Sarno's:  There was a loss. On Vermont Avenue, Los Feliz, it was a place for food and opera by the waiters and waitresses. I can't say that I went there often, but it was authentic Hollywood of golden days opened in the 1940s in a building built in the 1920s initially only as a bakery, but later adding the coffee shop/restaurant.  I am not sure, but I think it was there I saw George Takei of Star Trek fame having a meal. The end of that famed place was of movie vintage.  But just as in a movie, in 1987, Albert Sarno, the progeny of the original owners, was shot to death near his home on Los Feliz Boulevard. Albert's wife kept the place going until 2000.

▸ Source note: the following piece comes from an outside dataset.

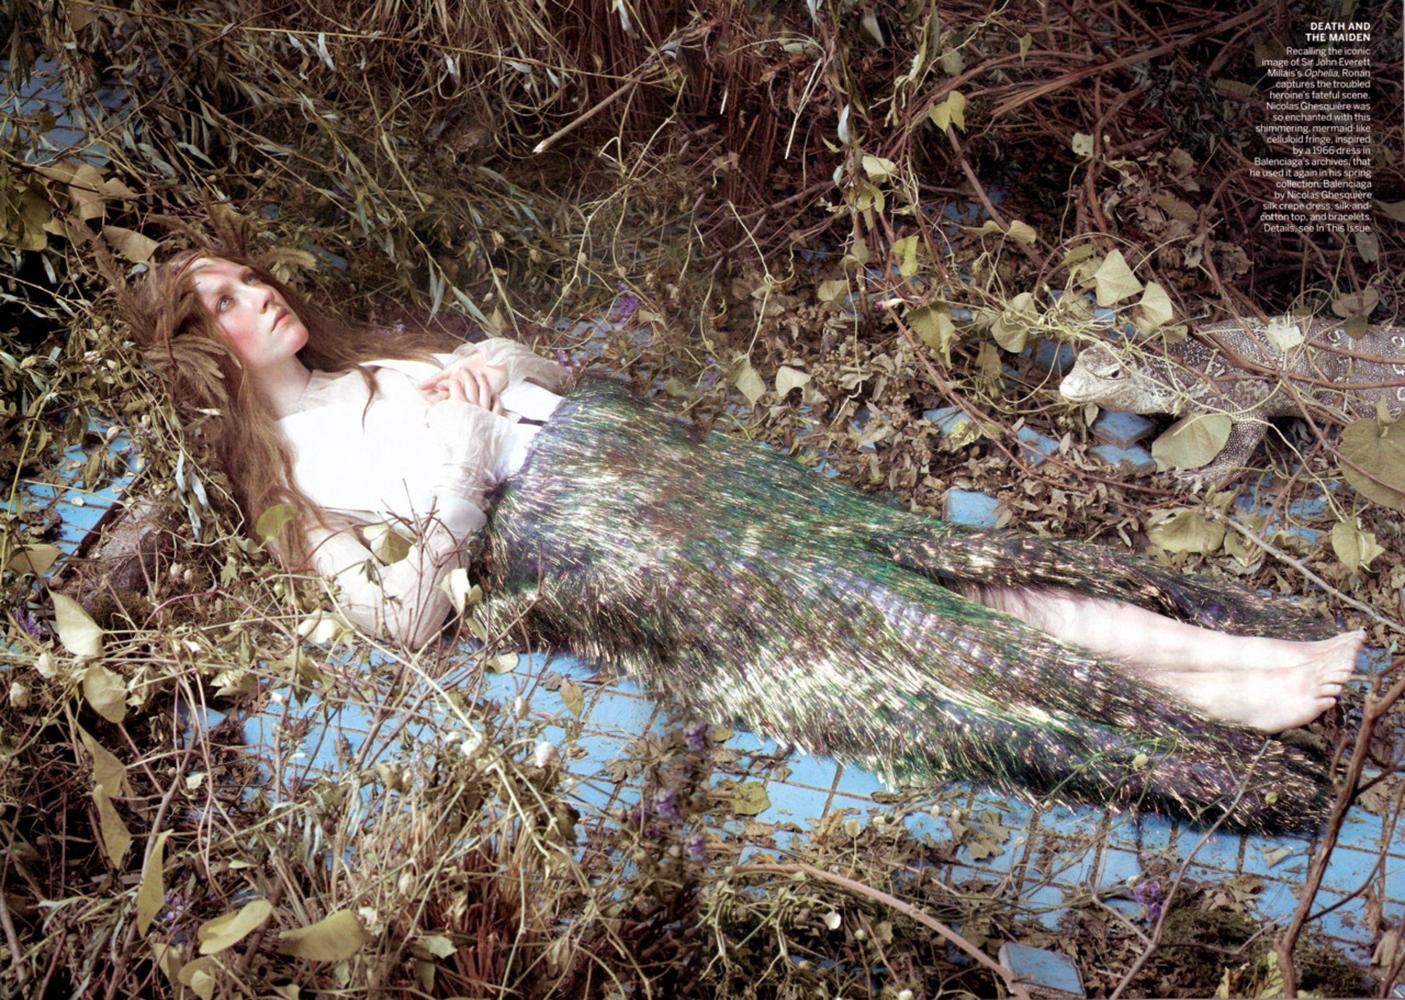 https://pics.wikifeet.com/Saoirse-Ronan-Feet-1560509.jpg

Yesterday's:  This goes back to before my actual move to Los Angeles. It was 1977 and I was in between semesters at Law School in New York. I had a week to do something and I decided, if I could stay with my father's youngest brother and his family, (whom I hardly knew, so they were very kind indeed) I would make a visit to California. I had a college friend (we still are), Dennis Vellucci, who was a fellow at USC and lived in Santa Monica. I didn't drive then, so he volunteered to show me the town. At that time, a big part of the town was Westwood, the college community by UCLA. It was a hopping place, lots of restaurants, lots of activity (Tower Records, Bullocks, Mario's Restaurant--there's a matchbook pictured here- Stan's Donuts, Monty's Steak House, Flax, Alice's Restaurant, lots of movie theatres).  And the place he took me to was Yesterday's, a two tier restaurant, with live music and great drinks (I loved frozen dacquiris). When I came back as a visitor in 1978, I went back there and a brought a friend or two. And when I moved to Los Angeles, I went there as often as I could. In the 90s, when all of Westwood was seeing a slump and gangs were maurauding and scaring visitors away, it closed, as did so many of the other places I mentioned in the parenthesis). I haven't spent much time in Westwood since then, and still they have a hard time keeping restaurants and businesses. 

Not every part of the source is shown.